AUTHOR=Charalampidis Charalampos , Fischer Andrea , Kuhn Michael , Lambrecht Astrid , Mayer Christoph , Thomaidis Konstantinos , Weber Markus TITLE=Mass-Budget Anomalies and Geometry Signals of Three Austrian Glaciers JOURNAL=Frontiers in Earth Science VOLUME=6 YEAR=2018 URL=https://www.frontiersin.org/journals/earth-science/articles/10.3389/feart.2018.00218 DOI=10.3389/feart.2018.00218 ISSN=2296-6463 ABSTRACT=

Glacier mass-budget monitoring documents climate fluctuations, provides context for observed glacier-geometry changes, and can provide information on the glaciers’ states. We examine the mass-budget series and available geometries of three well-documented glaciers located in the same catchment area less than 10 km from one another in the Austrian Ötztal Alps. The altitudinal profiles of the 1981–2010 average specific mass budgets of each glacier serve as climatic reference.

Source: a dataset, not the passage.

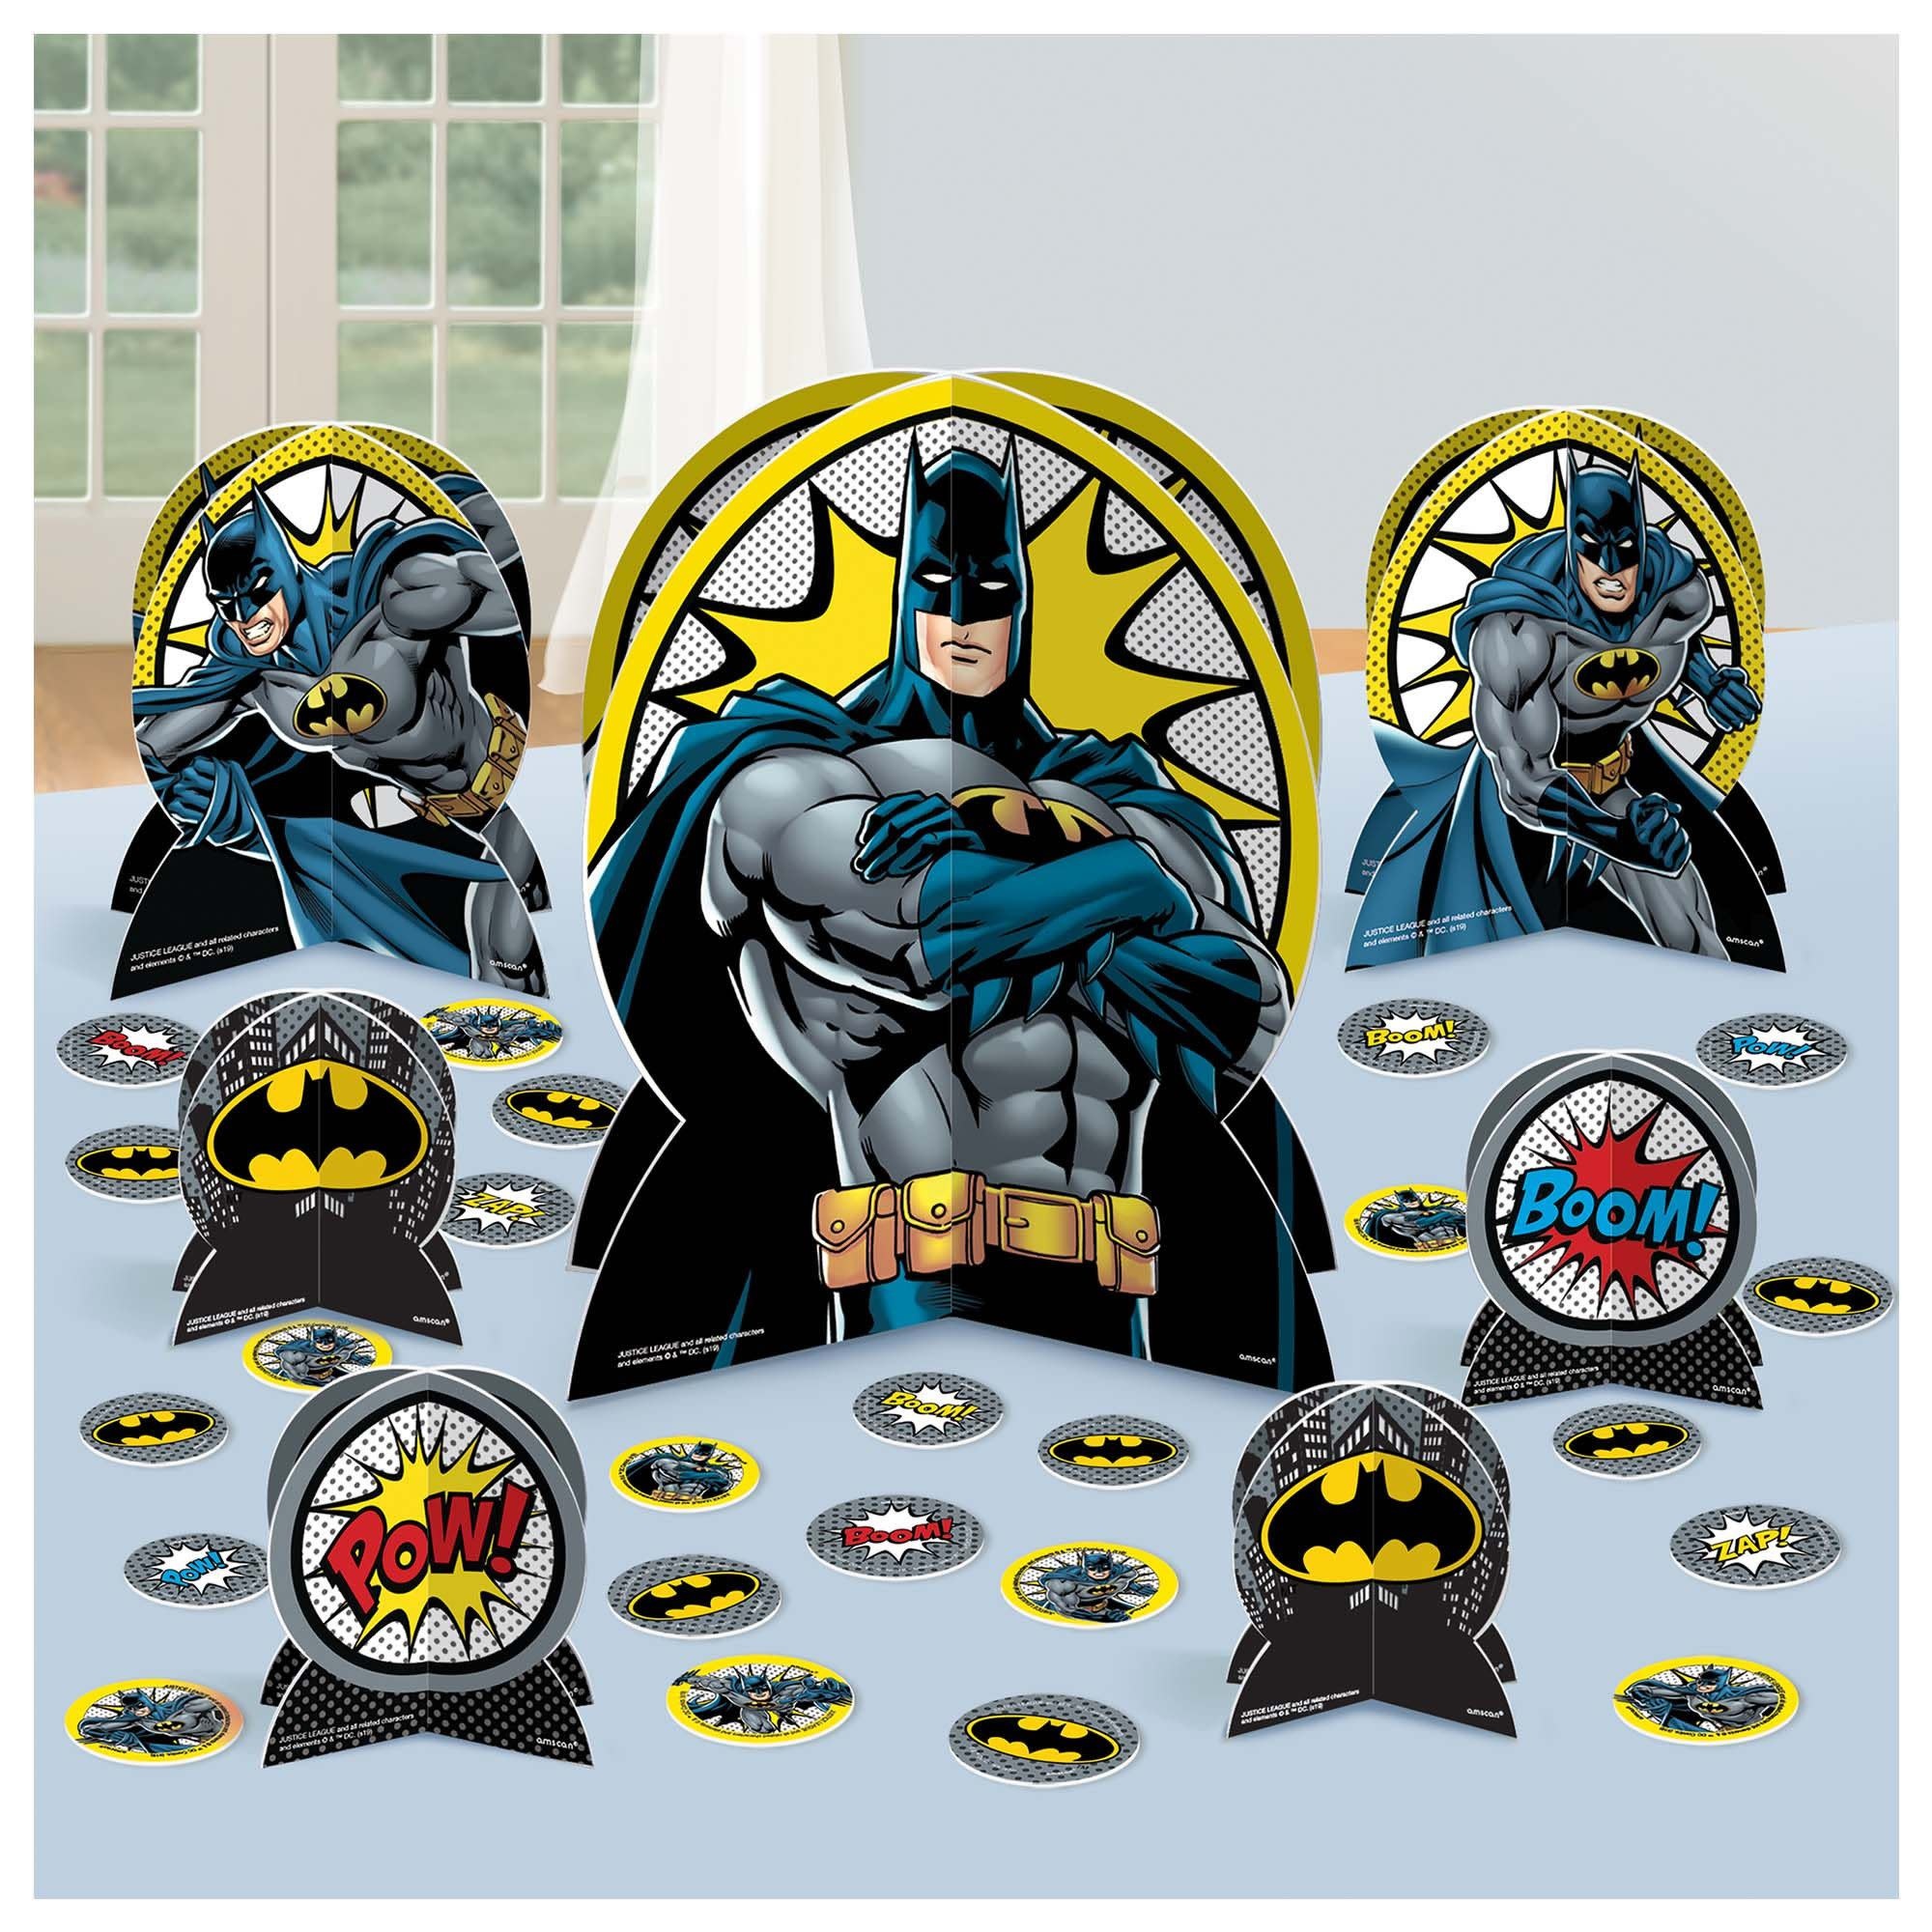 Batman™ Heroes Unite Table Centerpiece Kit

We apply these reference mass-budget profiles on all available glacier geometries, thereby retrieving for each glacier reference-climate mass budgets that reveal in a discrete way each glacier’s geometric adjustment over time and its impact on mass loss; interpolation of the reference-climate mass budgets over the 1981–2010 period provides the glaciers’ geometry signals. The geometric mass-budget anomalies derived with respect to these geometry signals indicate decreasing mass budgets over the 1981–2010 period by 0.020 m water equivalent (w.e.) a-2, or 31% additional mass loss compared to the centered anomalies derived with respect to the 1981–2010 averages of the conventional mass-budget series. Reference-climate mass budgets with respect to 1981–2010 of older geometries highlight Hintereisferner’s adapting geometry by almost continuous retreat since 1850. Further retreat is inevitable as Hintereisferner is the furthest from a steady state amongst the three glaciers. The relatively small Kesselwandferner has been also mostly retreating, while briefly advancing in response to short-term climatic trends. In a stable 1981–2010 climate, Kesselwandferner would relatively quickly reach a steady state. Vernagtferner’s geometry since 1979 favors mass loss by thinning, primarily due to extended surge-related mass losses since 1845; this inability to retreat has led to – and will further – Vernagtferner’s disintegration.